Some sites (Twitter/X, GitHub, Facebook) use GraphQL instead of REST. Unbrowse handles GraphQL by:

  1. Capturing the POST requests to the GraphQL endpoint
  2. Extracting the operationName from each request
  3. Treating each unique operation as a separate endpoint
  4. Storing the query/mutation and variables schema
# After browsing Twitter
unbrowse skill twitter.com

# You'll see GraphQL operations like:
# POST /i/api/graphql/{hash}/HomeTimeline
# POST /i/api/graphql/{hash}/UserByScreenName
# POST /i/api/graphql/{hash}/TweetDetail

How the Shared Marketplace Works

Every time you discover APIs on a new domain, the routes are published to the Unbrowse marketplace. Here is how the economics work:

  1. Discovery: You browse a site and Unbrowse indexes the API routes
  2. Publishing: Routes are published to the marketplace with your attribution
  3. Consumption: Other users or agents resolve queries against your discovered routes
  4. Earnings: You earn x402 micropayments when your routes are used

This creates a positive flywheel: more users means more domains indexed, which means higher resolve hit rates, which attracts more users. The marketplace currently has routes for 3,000+ domains.

Verifying Your Discovered Routes

After discovery, it is good practice to verify that the endpoints work:

# List all endpoints for a domain
unbrowse skill example.com

# Execute a specific endpoint to verify
unbrowse execute example.com "GET /api/products?q=test"

# Check if a natural language query resolves correctly
unbrowse resolve "products on example.com matching test"

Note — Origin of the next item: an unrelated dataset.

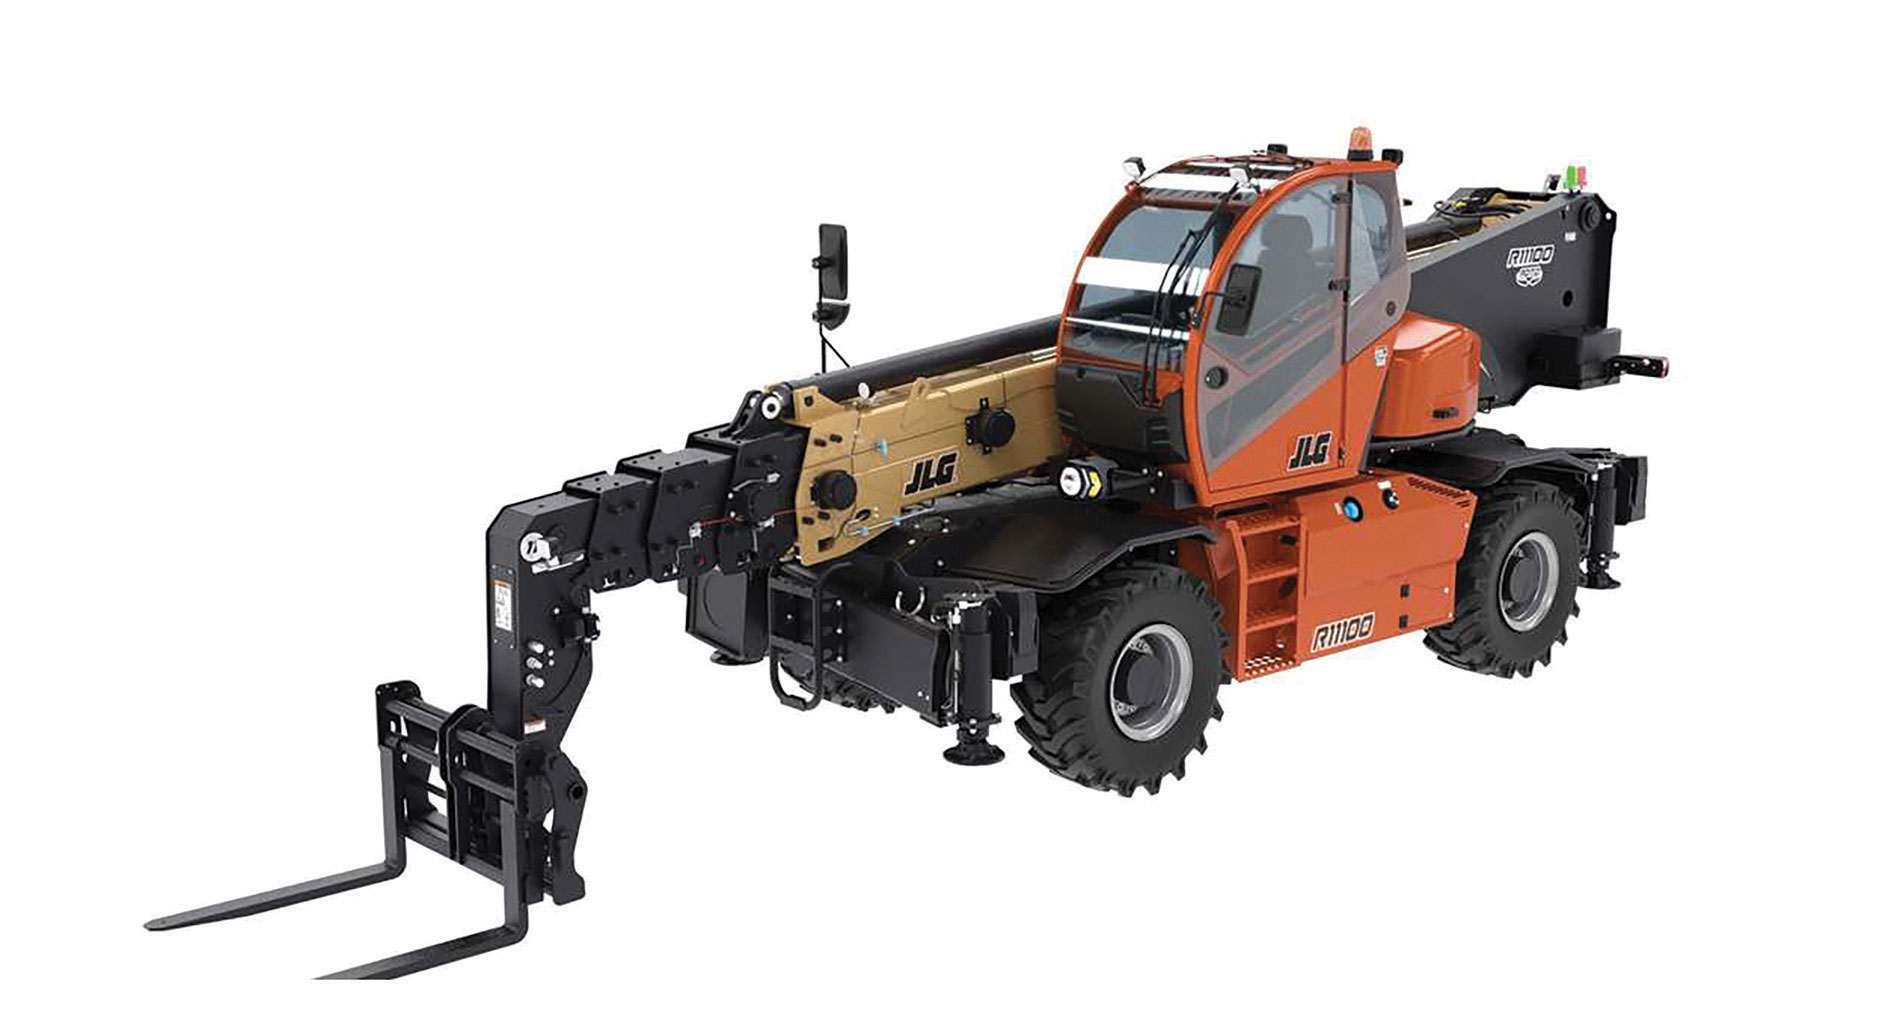 Orange and tan rotating telehandler and crane. Image by JLG Industries.

If an endpoint returns an error, it might be because:

  • The authentication token has expired (re-browse to refresh)
  • The endpoint requires specific parameters you did not provide
  • The site has changed its API structure (re-browse to re-index)

Practical Examples

Example 1: E-commerce Price Monitoring

# Initial discovery
unbrowse go https://amazon.com
# Browse to a product, search for items, check prices
# Close the browser

# Now monitor prices without a browser
unbrowse resolve "price of MacBook Pro M4 on Amazon"
# Returns: structured JSON with price, availability, seller info

Example 2: Social Media Data Collection

# Initial discovery (logged in)
unbrowse go https://twitter.com
# Scroll your timeline, check profiles, read threads
# Close the browser

# Collect data programmatically
unbrowse resolve "latest tweets from @elonmusk"
# Returns: structured tweet data with text, engagement metrics, timestamps

Example 3: Research and Analysis

# Initial discovery
unbrowse go https://scholar.google.com
# Search for papers, browse results
# Close the browser

# Query the research API
unbrowse resolve "recent papers on large language models from Google Scholar"
# Returns: structured paper data with titles, authors, citations, abstracts

What Makes This Different From Scraping

Traditional scraping follows this path:

  1. Render the page in a browser
  2. Parse the HTML DOM
  3. Find elements using CSS selectors or XPath
  4. Extract text content
  5. Hope the site structure does not change

Shadow API discovery follows this path:

  1. Capture the API calls the browser makes
  2. Call the same APIs directly
  3. Get structured JSON responses
  4. The data is the same format the site itself uses

The difference: you are getting the data from the same source the website gets it from. No parsing, no selectors, no DOM traversal. If the website can show you the data, the API endpoint exists to serve that data -- and now you can call it directly.

Next Steps

  • Explore the marketplace: Run unbrowse search "your interest" to find pre-indexed domains
  • Set up MCP: Configure Unbrowse as an MCP server for your AI agent
  • Discover more domains: Browse your most-used sites to build your local route cache
  • Earn: Your discovered routes earn micropayments when other users consume them

Shadow API discovery is not a hack or a workaround. It is recognizing that modern websites are API-driven by design. Unbrowse simply makes those APIs accessible to everyone.